# Ronde



## soleluna80 (24 Febbraio 2009)

Fonte: Lastampa.it
Ronde: nere o rosse
nascondono un pericolo





@#2#http://www.lastampa.it/_web/_servizi/piuvisti/piuvistigied.asp









Sarà per ragioni anagrafiche, ricordo i «servizi d’ordine» che pestavano la gente per le strade. E sarà perché me lo raccontavano i più anziani, ricordo anche la «Milizia volontaria per la sicurezza nazionale» del regime fascista. Le ronde volute dal governo sono quelle di Borghezio, dei «servizi d’ordine» picchiatori, della «Milizia volontaria per la sicurezza nazionale», dello squadrismo di sempre. Il fatto che il governo precisi che devono essere «disarmate» rivela come anche i proponenti sappiano bene a cosa servono. Sappiamo che si può uccidere anche a mani nude, che bastano i pugni e i calci a strappare una vita.
*PEPPE SINI RESPONSABILE DEL «CENTRO DI RICERCA PER LA PACE» DI VITERBO*

Visto che Lei cita il servizio d’ordine, e le squadracce fasciste, vorrei parlare qui anche di altre possibili versioni delle ronde, quelle che c’erano nei paesi comunisti. Le ricordate? Erano dappertutto, nei paesi dove il comunismo aveva la storia più lunga, fino al Nicaragua rivoluzionario degli Anni 80. Non si chiamavano ronde ma gruppi di sicurezza, o comitati popolari, o comitati di quartiere. Alla base c’era la stessa idea che c’è ora dietro le ronde: il concetto che i cittadini hanno un rapporto totale con lo Stato, e che a sua volta lo Stato trova la sua rappresentanza istituzionalizzandosi fino alle estreme propaggini. Qualcuno ricorderà che molte di queste «ronde» all’inizio, nell’Europa dell’immediato dopoguerra erano i gruppi dei partigiani che si facevano ancora carico della sicurezza dei cittadini. Poi le esperienze si divisero, alcune si sciolsero, altre cambiarono nomi e finalità. Ma l’evoluzione seguì la stessa strada: prima c’è il cittadino che collabora con lo Stato, poi c’è il cittadino che, dal momento che collabora con lo Stato, diventa persona di fiducia speciale dello Stato, dunque persona con un potere maggiore sugli altri cittadini. Infine, come non passare dal concetto di difesa al concetto di prevenzione? E lì scatta quasi sempre il controllo dell’intera comunità, per il bene comune, ovviamente: in altre parole, comincia l’attività di controllo e spionaggio del resto della popolazione. Fantasie? Provare per credere. I gruppi con «compiti» speciali rispetto al resto degli altri cittadini diventano inevitabilmente investiti di potere e diritti sul resto. Dai gruppi fascisti a quelli nazisti, a quelli comunisti, fino ai servizi d’ordine dei gruppi extraparlamentari, come lei ricorda, e fino alle rivoluzioni dall’anima più «liberal» (almeno al suo inizio) quale quella di Cuba o Nicaragua. Sono stupita del fatto che un governo che si considera il difensore della libertà e del liberismo, nonché nemico del comunismo, possa non capire il pericolo insito in questa forma di mobilitazione. O penso male? 

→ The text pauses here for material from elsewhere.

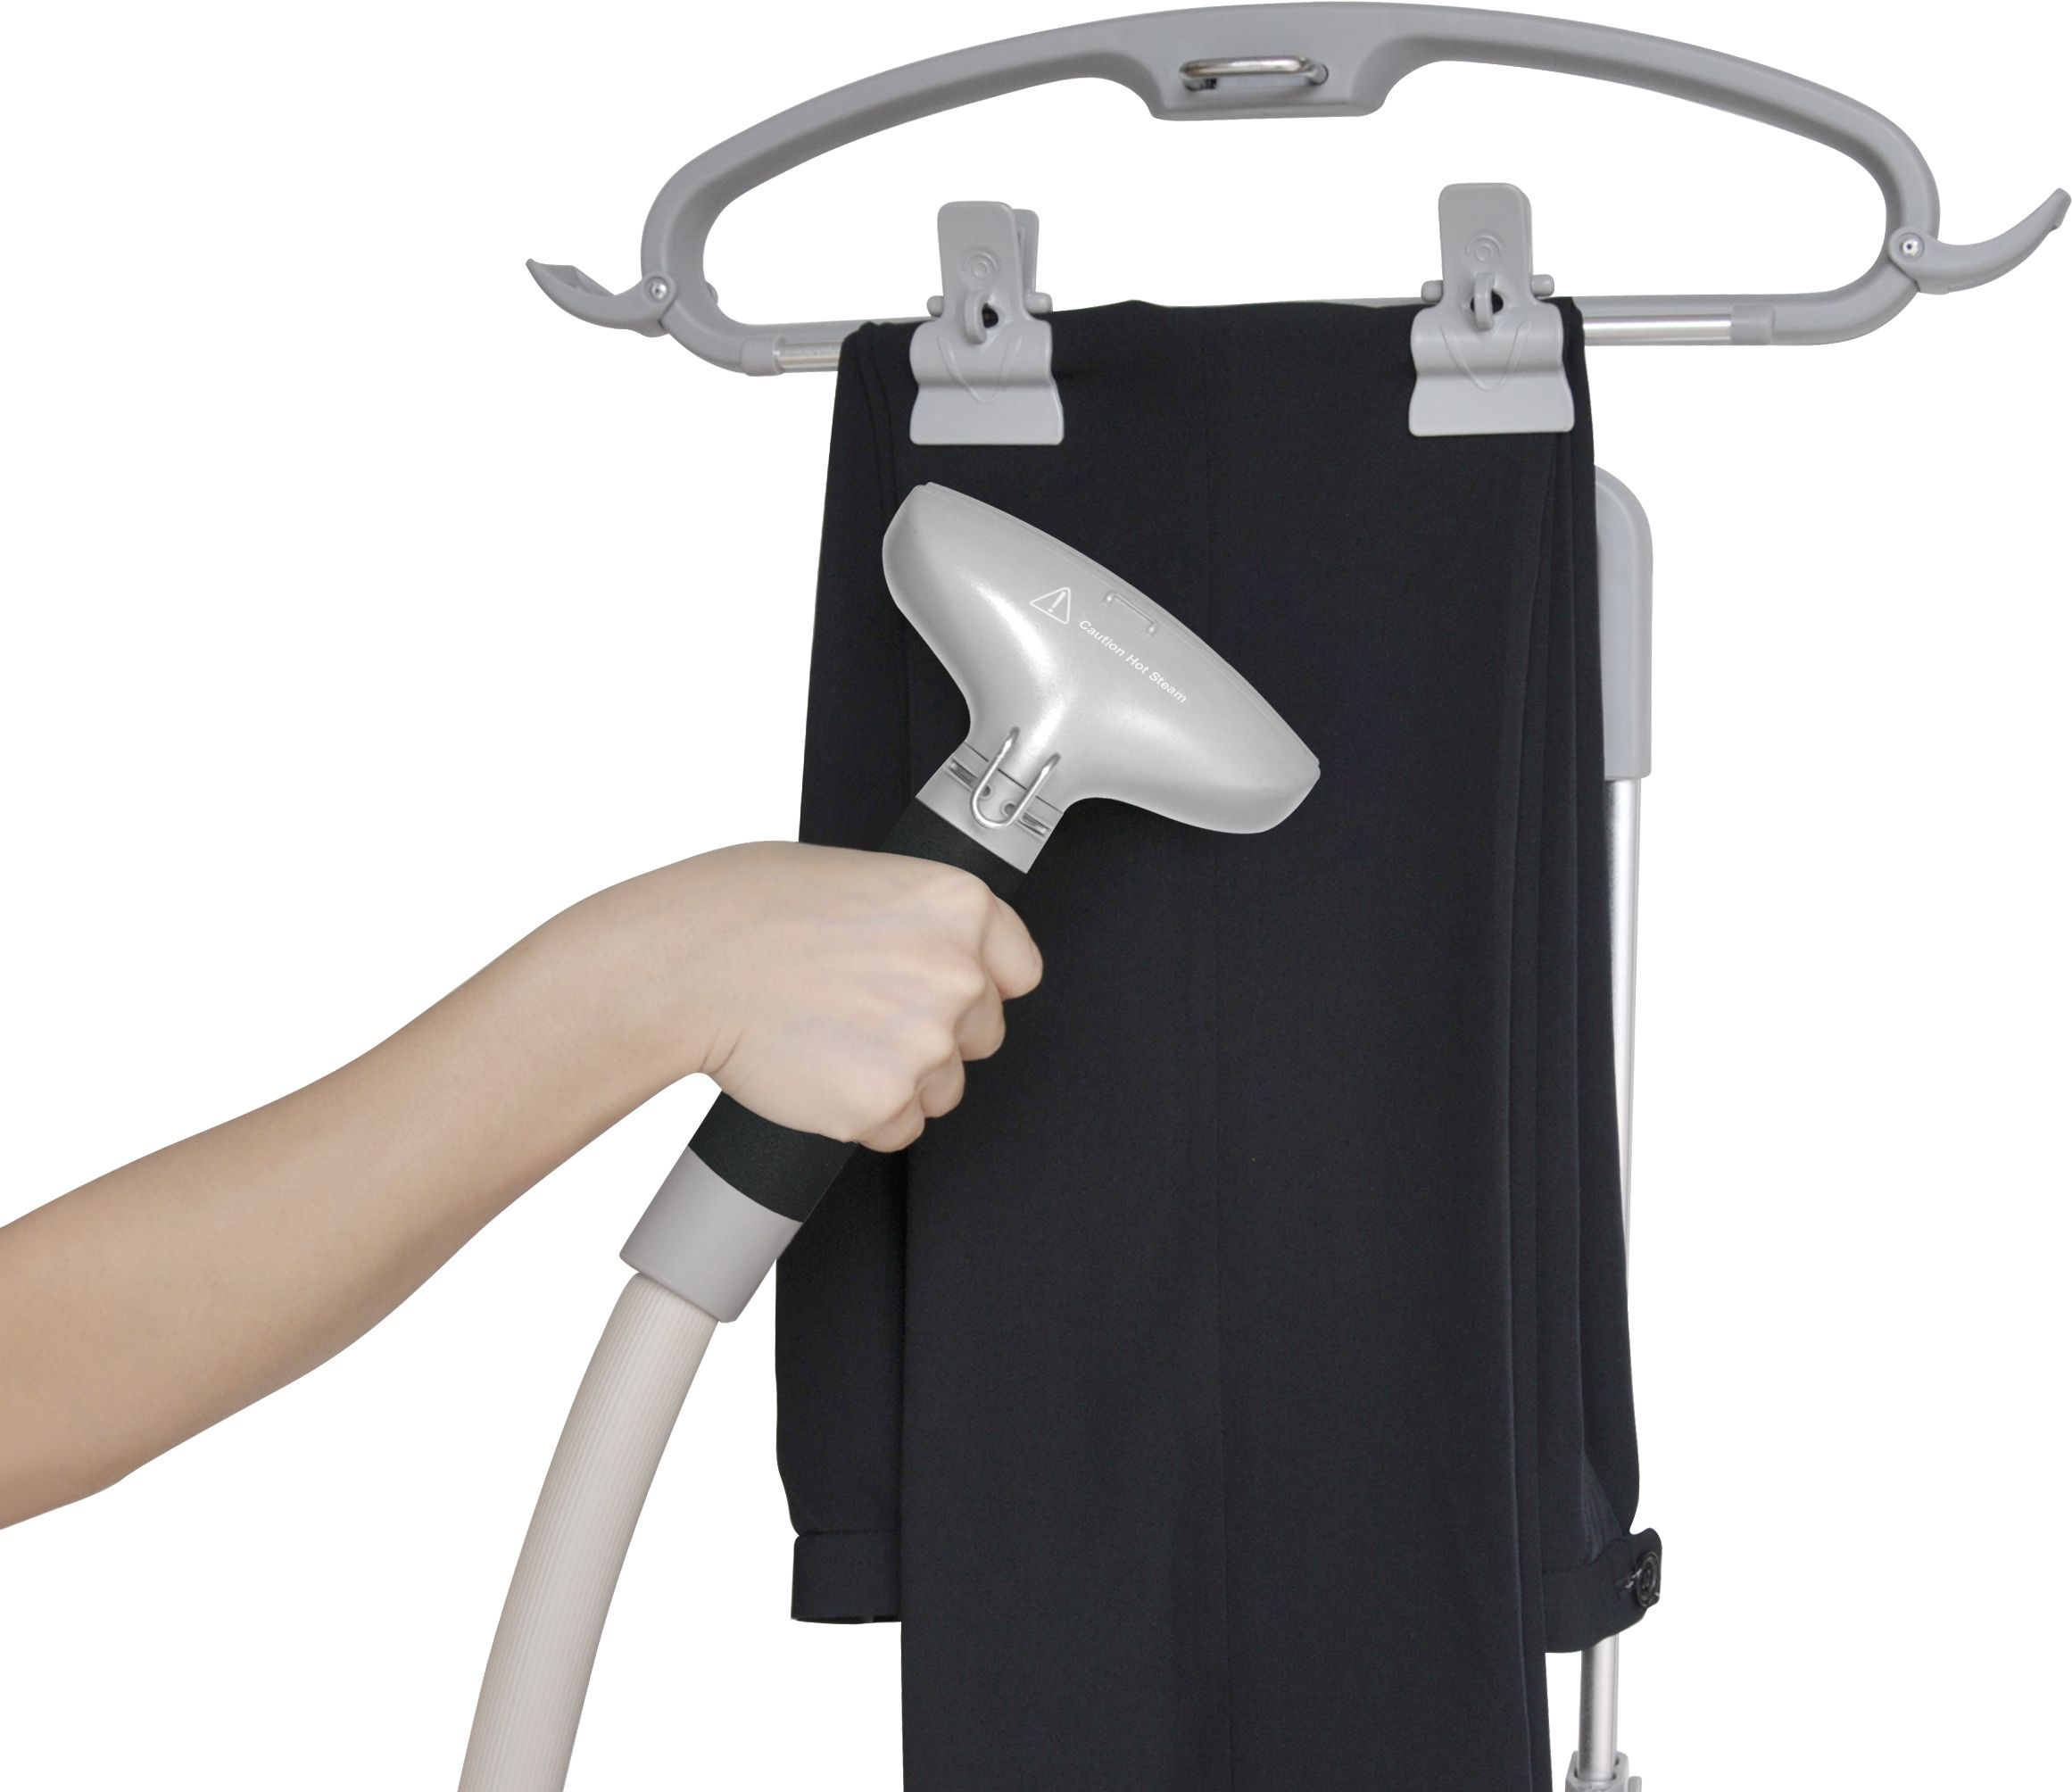 Gs45 Dj Dual Bar Professional Garment Steamer By Salav
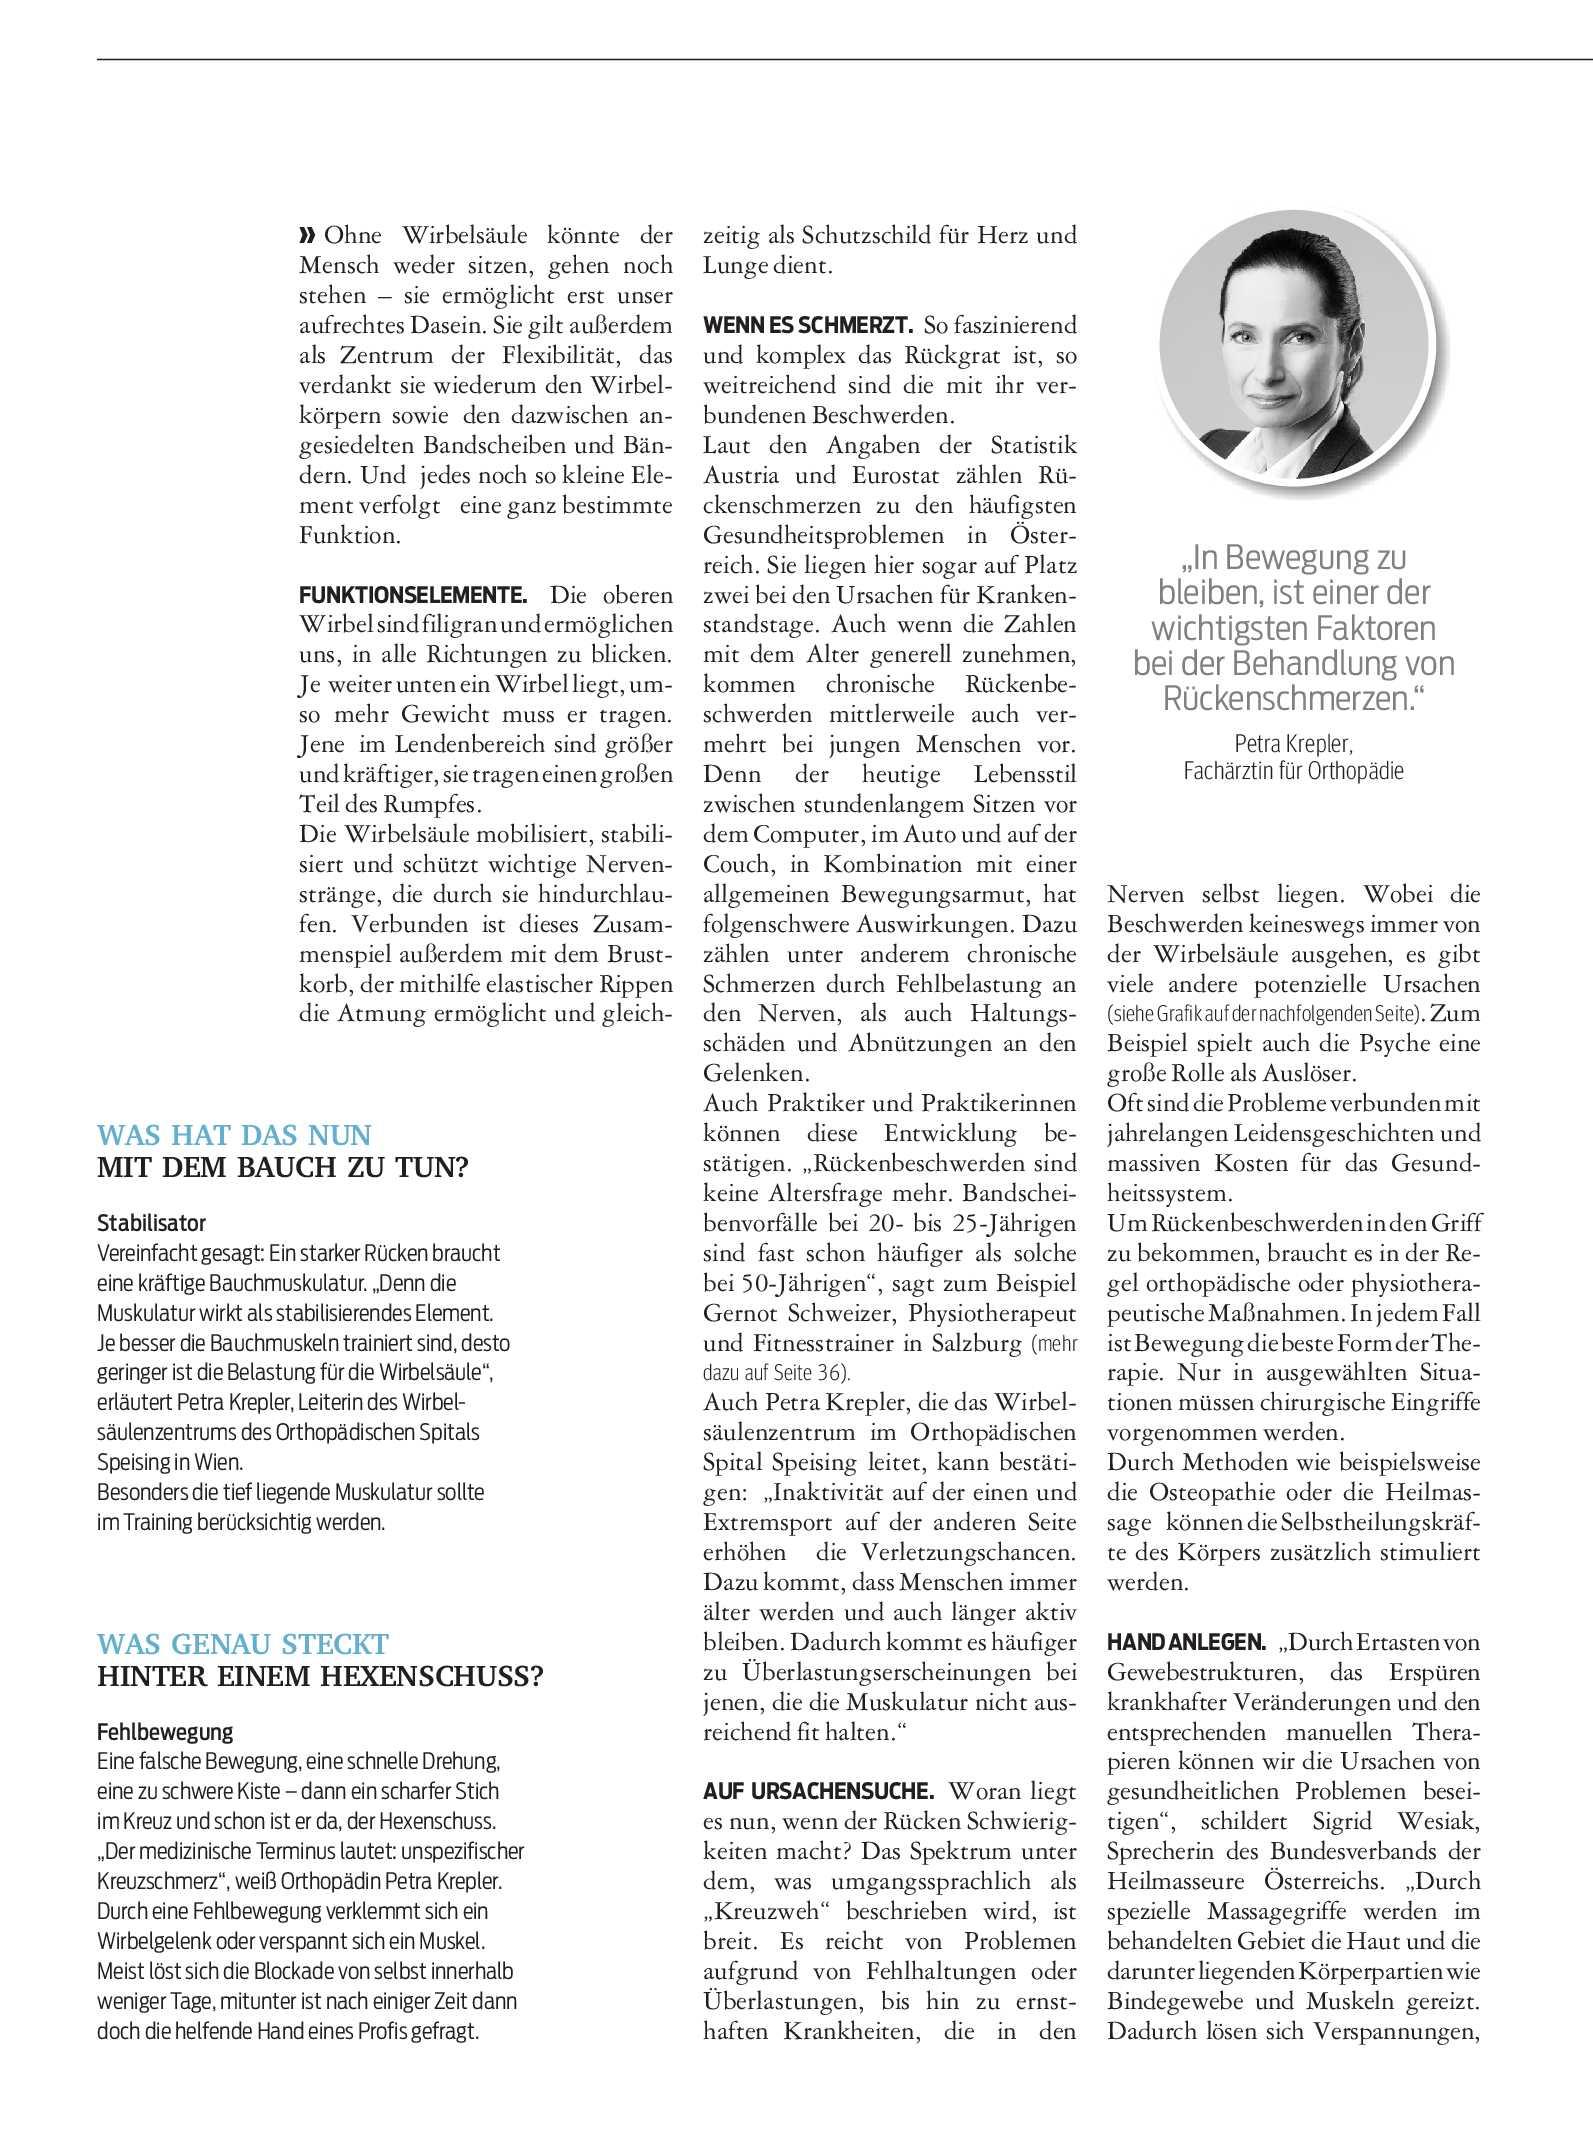 public/epaper/imported/20201125/kurier/magazin/magazin_20201125_032.jpg

allora non è un comportamento fascista!!! forse fasciocomunista o comunfascista....le dittature sono spessissimo identiche....bianche, rosse, gialle, nere, blu.....


----------



## Old Alexantro (24 Febbraio 2009)

appunto
dato che si tende dare necessariamente solo del "fascista" a chi assume comportamenti antidemocratici
ps
le ronde odierne nulla avranno a che vedere con quelle citate sopra
sono 2 cose completamente diverse
e x me non servono a molto cmq


----------



## soleluna80 (24 Febbraio 2009)

Alexantro ha detto:


> appunto
> dato che si tende dare necessariamente solo del "fascista" a chi assume comportamenti antidemocratici
> ps
> le ronde odierne nulla avranno a che vedere con quelle citate sopra
> ...


 
lo so che sono diverse ma dato che si è urlato subito al fascismo volevo ricordare come anche il comunismo abbia il culetto un pochettino sporco...
sull'utilità aspetto di vedere...l'opposizione che è in grado solo di criticare mi fa un po' pena. se non dovessero funzionare x onestà sarò la prima a riconoscerlo


----------



## brugola (24 Febbraio 2009)

soleluna80 ha detto:


> urlato subito al fascismo *volevo ricordare come anche il comunismo abbia il culetto un pochettino sporco...*


bella..rende bene


----------



## Mari' (24 Febbraio 2009)

soleluna80 ha detto:


> Fonte: Lastampa.it
> Ronde: nere o rosse
> nascondono un pericolo
> 
> ...


Ecco, il fallimento delle istituzioni ... la STATO e' morto!





​


----------



## Old Alexantro (24 Febbraio 2009)

e' da tanto che lo stato e' morto
figurati che l'alternativa al nano di arcore era nientepopodimenoche sua Passivita' Veltroni


----------



## soleluna80 (24 Febbraio 2009)

Brugola ha detto:


> bella..rende bene


ovvio, l'ho coniata io!


----------



## Nobody (25 Febbraio 2009)

Mari' ha detto:


> Ecco, il fallimento delle istituzioni ... la STATO e' morto!​


 Lo stato non vuol dir nulla...


----------



## soleluna80 (25 Febbraio 2009)

moltimodi ha detto:


> Lo stato non vuol dir nulla...


 
in che senso?


----------



## Nobody (25 Febbraio 2009)

soleluna80 ha detto:


> in che senso?


Dire lo stato qui, lo stato qua... lo stato è morto... hai presente cos'è l'idea di stato? Lo stato dovresti essere tu, io, marì (che scrive che lo stato è morto)... se lo stato è morto, significa che noi siamo morti. Non fisicamente, certo... nelle coscienze civili, evidentemente.


----------



## Nobody (25 Febbraio 2009)

Alexantro ha detto:


> appunto
> *dato che si tende dare necessariamente solo del "fascista" a chi assume comportamenti antidemocratici*
> ps
> le ronde odierne nulla avranno a che vedere con quelle citate sopra
> ...


 Dipende dalla nostra storia... in Italia abbiamo avuto una dittatura fascista, quindi si usa quel termine. In Russia useranno "comunista".


----------



## Old Asudem (25 Febbraio 2009)

moltimodi ha detto:


> Dire lo stato qui, lo stato qua... lo stato è morto... hai presente cos'è l'idea di stato? Lo stato dovresti essere tu, io, marì (che scrive che lo stato è morto)... se lo stato è morto, significa che noi siamo morti. Non fisicamente, certo... nelle coscienze civili, evidentemente.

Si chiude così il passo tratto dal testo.